The Swiss Central Bank announced on Tuesday that it is on track to achieve record annual results in 2017, citing gains in its foreign currency savings.
The Swiss National Bank expected to achieve profits of 54 billion Swiss francs ($2.55 billion) for the year 2017, more than double the profits it achieved in 2016, which amounted to 24.5 billion.
The strong increase is mainly due to the weakness of the franc, which lost nearly 10 percent of its value against the euro last year. This, in turn, led to an increase in the value of the bank’s foreign currency savings. The value of the bank’s assets reached 784 billion francs by the end of last November, representing about 94 percent of the bank’s budget.
In the past, the Swiss Central Bank has purchased large amounts of euros to prevent the Swiss franc from rising unduly in value. A strong Swiss franc is generally considered harmful to Switzerland’s exports, as it makes Swiss products more expensive and less competitive globally. Consequently, Swiss consumers tend to shop abroad rather than domestically.
On March 5, the Swiss Central Bank is scheduled to publish its final revenue statistics. This announcement is important to understand the impact of the bank’s previous purchasing operations and to analyze their final results. These statistics may be an indication of future interventions that the Swiss Central Bank could take to maintain the stability of the value of the Swiss franc and promote economic growth in the country. It is noted that these points are based on information until September 2021, and there may be important new developments that take place after then. It affects the topic directly.
The Swiss Central Bank’s decisions regarding the Swiss franc in the future
There are several key factors that could influence the SNB’s decisions on the Swiss franc in the near future. Among these factors:
Inflation: Inflation is one of the main factors that influence the decisions of the Swiss Central Bank. If inflation rates increase significantly, the bank may take action to raise the value of the Swiss franc to reduce inflation.
Economic Growth: The Swiss Central Bank’s decision is affected by the country’s economic growth rate.

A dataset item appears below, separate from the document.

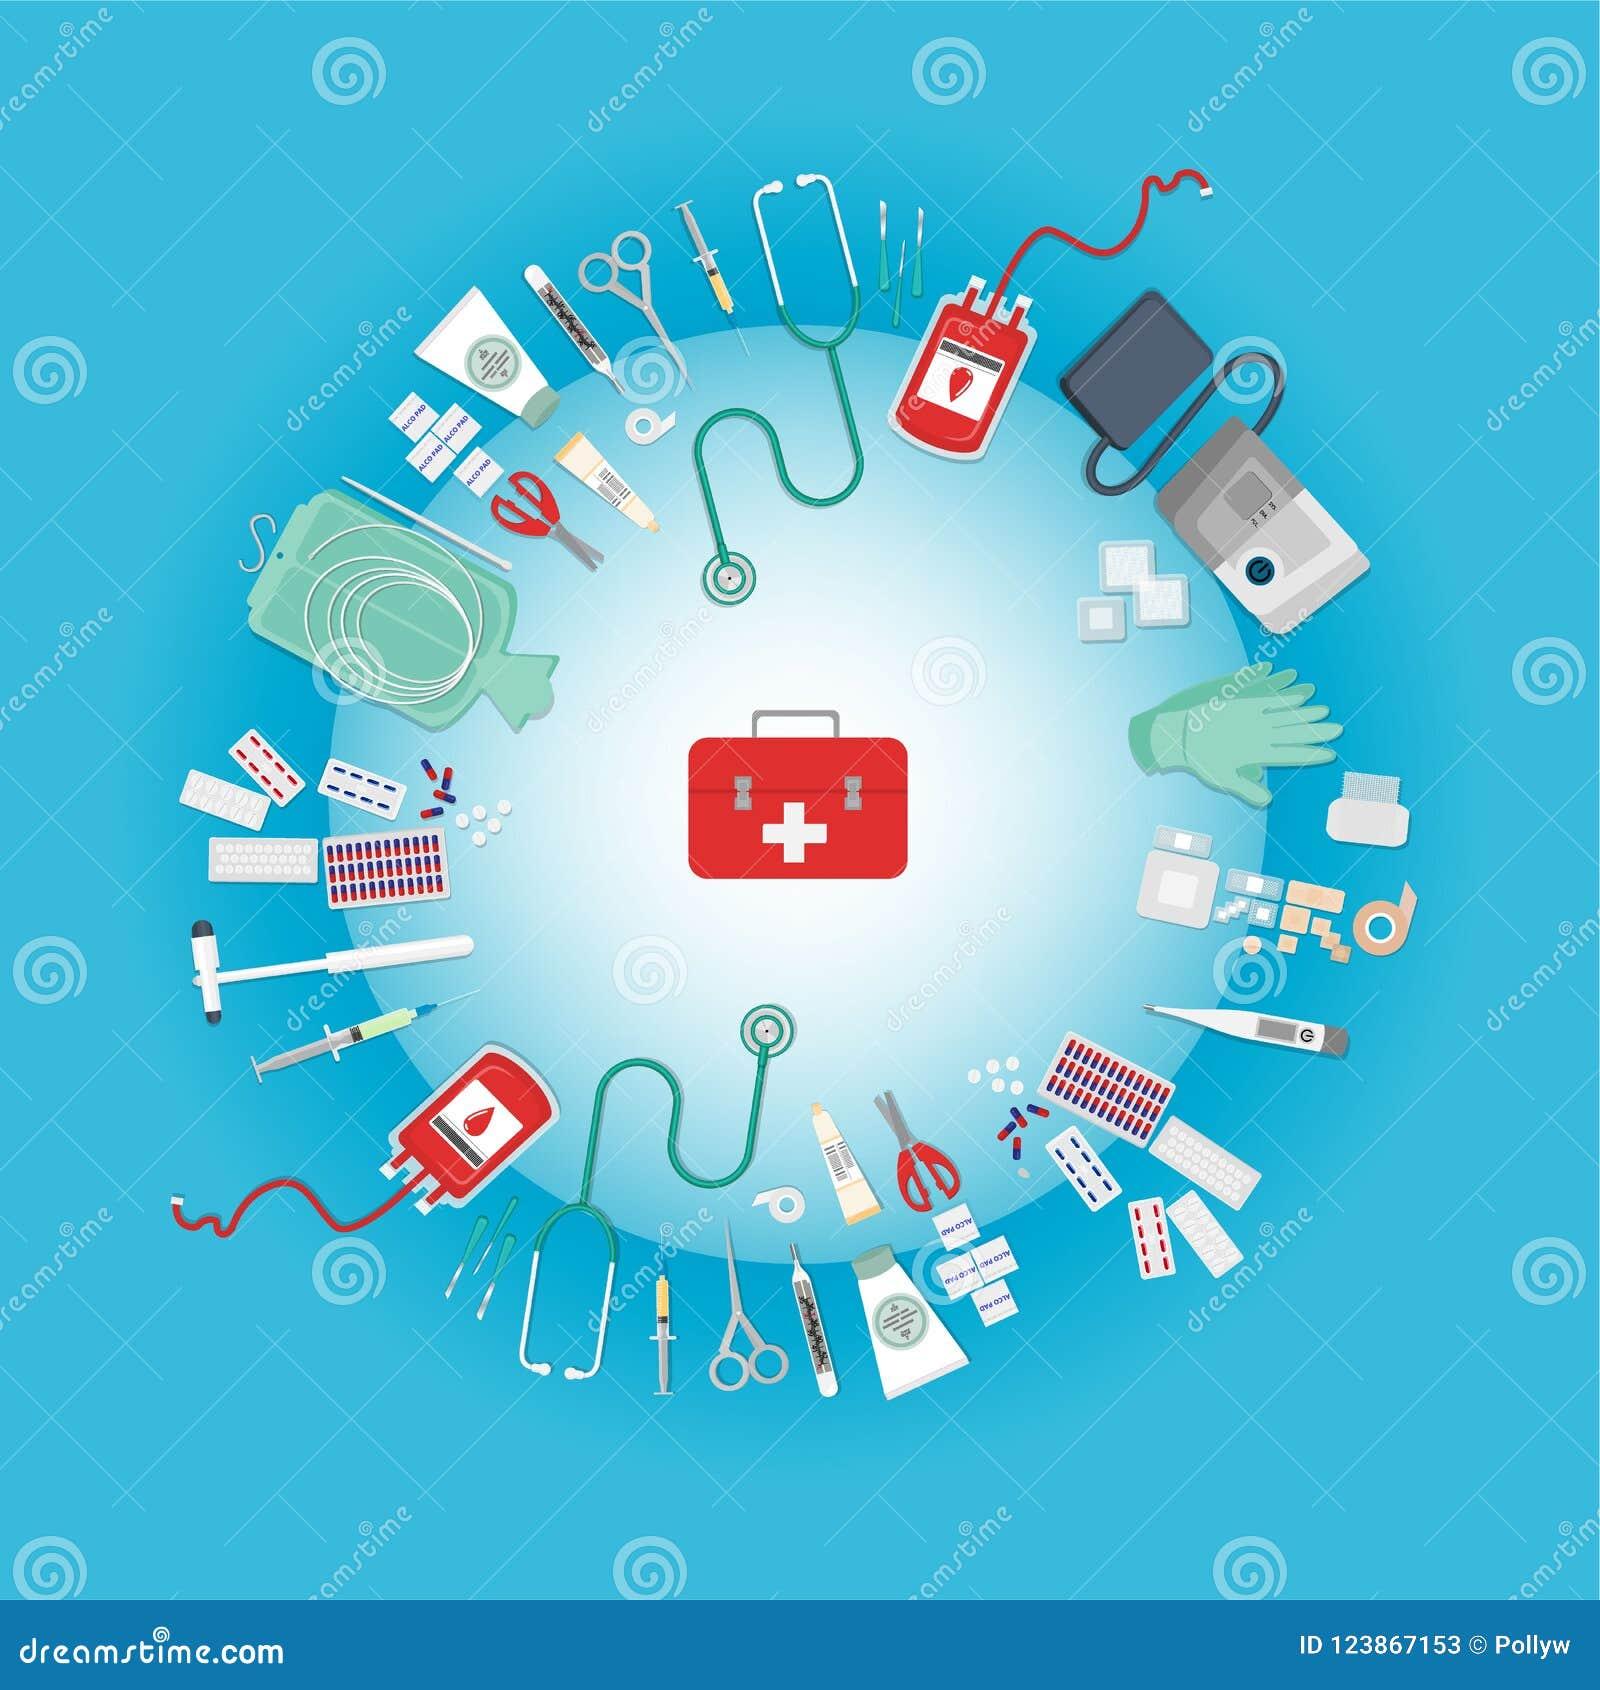 Medical Equipment Flat Web And Print Illustration Stock ...

If there are expectations of strong economic growth, the Bank may take action to limit the strength of the Swiss franc to enhance the competitiveness of Swiss exports.
Global geopolitical and economic tensions: Global geopolitical and economic tensions can influence the decisions of the Swiss Central Bank. In the event of global events such as changes in the monetary policy of other central banks or trade conflicts, the Bank may take measures to deal with their effects on the Swiss franc.
The vision of the Swiss Central Bank: The vision and objectives of the Swiss Central Bank are an important factor in determining its decisions regarding the Swiss franc. These objectives could include maintaining financial stability, economic growth and enhancing the competitiveness of Swiss exports.
The SNB also needs to consider economic and financial forecasts, analysis and other key indicators to make its decisions on the Swiss franc. These factors must be monitored and taken into account to understand the likely path of the SNB’s monetary policy in the near future.
Economic Growth: There were expectations that the Swiss economy would see moderate growth in the near future, as the global economy continues to recover. However, the outlook may be affected by factors such as global trade tensions and the monetary policies of other central banks.
The Swiss franc and its impact on the Swiss economy and international trade relations
The Swiss franc is the official currency of Switzerland and has a major influence on the Swiss economy and international trade relations. Here are some ways the Swiss franc affects:
Foreign Trade: The strength or weakness of the Swiss franc affects Switzerland’s trade with other countries. If the Swiss franc is strong, this makes Swiss products more expensive on the global market, negatively affecting their exports. On the other hand, if the Swiss franc is weak, this could enhance the competitiveness of Swiss products at the global level.
Tourism: Switzerland is a popular tourist destination, and the tourism sector is affected by changes in the value of the Swiss franc. If the Swiss franc is strong, tourists will find it difficult to afford accommodation and shopping in Switzerland, which could lead to a decline in tourism. On the other hand, if the Swiss franc is weak, this could attract more tourists to Switzerland.
Foreign direct investment: The Swiss franc can influence the decisions of foreign companies to invest in Switzerland. If the Swiss franc is strong, foreign companies may find it difficult to invest capital in Switzerland, while if the Swiss franc is weak, this could encourage foreign companies to invest more in Switzerland.
As for the unemployment rate in Switzerland, the Swiss franc can affect it indirectly. For example, if the Swiss franc is strong and Swiss exports are negatively affected, this could cause economic activity to decline and employment to decline, leading to an increase in the unemployment rate. The opposite is also true, if the Swiss franc is weak and exports and economic activity improve, this could lead to a lower unemployment rate.